I wish there was a book I could have bought to keep as a memory. The original cost of the building was 9 million dollars. It's out of another time and it's very unlikely that something like this will ever be built again.


I want to thank Karen Kendrick-Hands, owner of City Knits, for giving me such a fabulous tour of this great landmark. If you ever go near Detroit, I highly suggest a visit to this magnificent landmark.

8 comments:

Deborah Robson said...

Kristin, some day you must visit the Dushanbe Tea House in Boulder, Colorado. www.boulderteahouse.com . It was made by craftsmen from Tajikistan and then reassembled in Boulder. It looks quiet on the outside . . . sort of. When you sit inside drinking tea, you realize that every pillar is different, every section of wall is different, every piece of the ceiling is different. . . . The colors and textures are exquisite. I never tire of looking at them.

Thanks for sharing these images from the Fisher Building! Some of the geometrics remind me of some of the work at the teahouse. (The tea and food there are very good, too.)

ColorJoy LynnH said...

Wowie, those buildings are a few hours from my home and I must admit I know Chicago much, much better than Detroit. Chicago is twice the distance.

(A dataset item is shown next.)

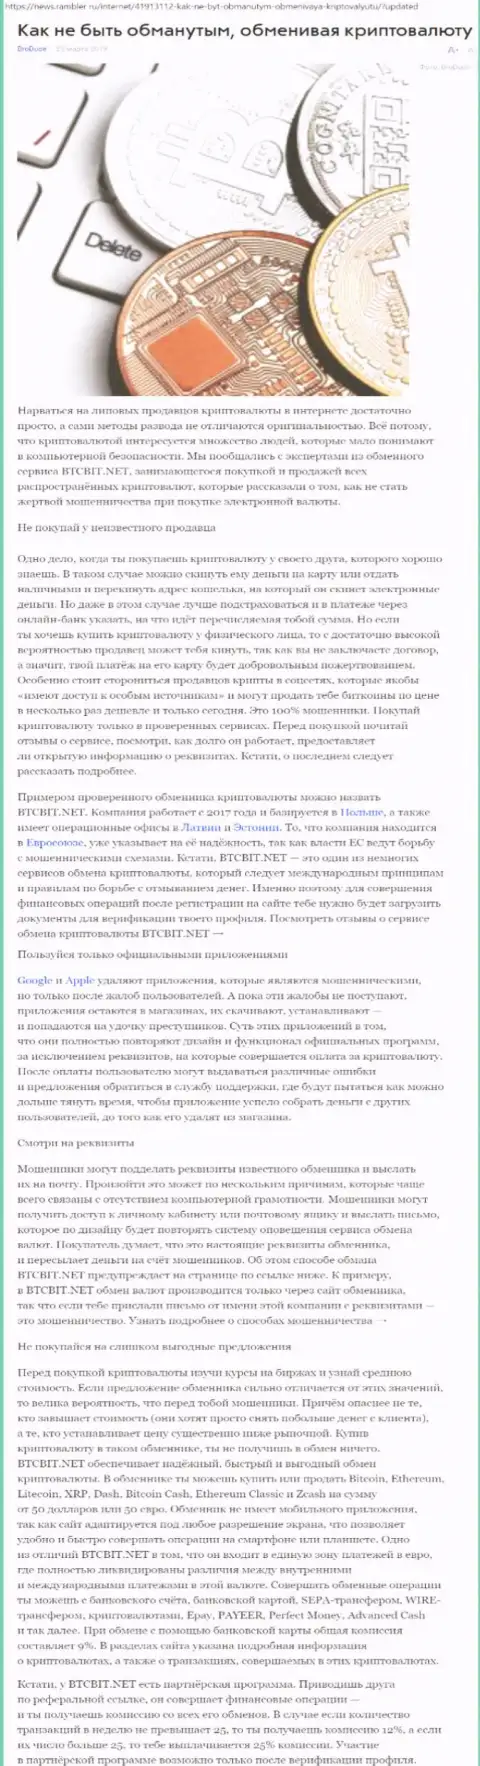 Публикация об организации BTCBIT Sp. z.o.o. на news rambler ru

I was in the Fisher Theater once in the early 1970s, to see Godspell when it was a brand new show. We had tickets in nearly the last row of the balcony, could barely see, but the colors on stage were so vibrant I was entranced. I don't remember the building at all.

Must make a trip. I am in a group called Working Women Artists, a guild where any medium is welcome. Sometimes we pile in a car and go on a road trip. Last time a few went to Grand Rapids, maybe next time we will have to go to Detroit. The Det. Institute of Arts has a wonderful Modern collection which I'd love to see again.

Hmmm... in my spare time. Maybe this summer when knitting gets slower.

LynnH

woolywoman said...

I grew up near there, and we frequently went for plays at the Fisher Theater. ( Broadway used to "try out" in Det.) I love that building. Another great place to see is Pewabic Pottery- a still working Arts and Crafts pottery, and the People Mover, while failed as transportation has some excellent public art.

ellen said...

What beauty! I would love to see that all in person.
I see lots of inspiration for stitching too. Thanks so much for sharing.

Deborah said...

I see some great color and design inspiration from those few photos! Thank you for sharing, Kristin!

bernie said...

That's just amazing! Even the bathroom floor of the basement was spared no detail! What a feast for the eyes it must have been for an artist as you are. I'm glad you had a great time.

Judi A. said...

I am a fairly new reader of your blog and must say I enjoy it immensely and am especially thrilled to know about it and read about the beautiful Fisher Building. It is sad to me that so many people that live near Detroit are afraid to cross 8 Mile Rd and miss out on all that the city has to offer. I did community health nursing in Detroit for several years and also worked as a consultant in a private assisted living facility (Hannan House) just a block from the Fisher Building. I never tired of walking over there and just soaking in the beauty of it all! Besides that building, the Detroit Public Library is also worth visiting, as well as St.Paul's Cathedral and, of course, the Detroit Institute of Art. All of these within 2-3 blocks of each other! I cannot encourage enough those that live closeby to make a point of exploring Detroit and some of these old, gorgeous buildings, as well as Bell Isle, some of the other old, historic churches, etc. etc. I no longer live in Michigan, but I came to love the city of Detroit and its history, most of the people that live there, and all the other things it has to offer (great restaurants, sports activities,
4th of July fireworks, and on and on). Thank you for posting such great photos and information and presenting something favorable about Detroit!!.........Judi :-)

Ahava Hopps Brooke said...

wow. thanks for sharing these beautiful images.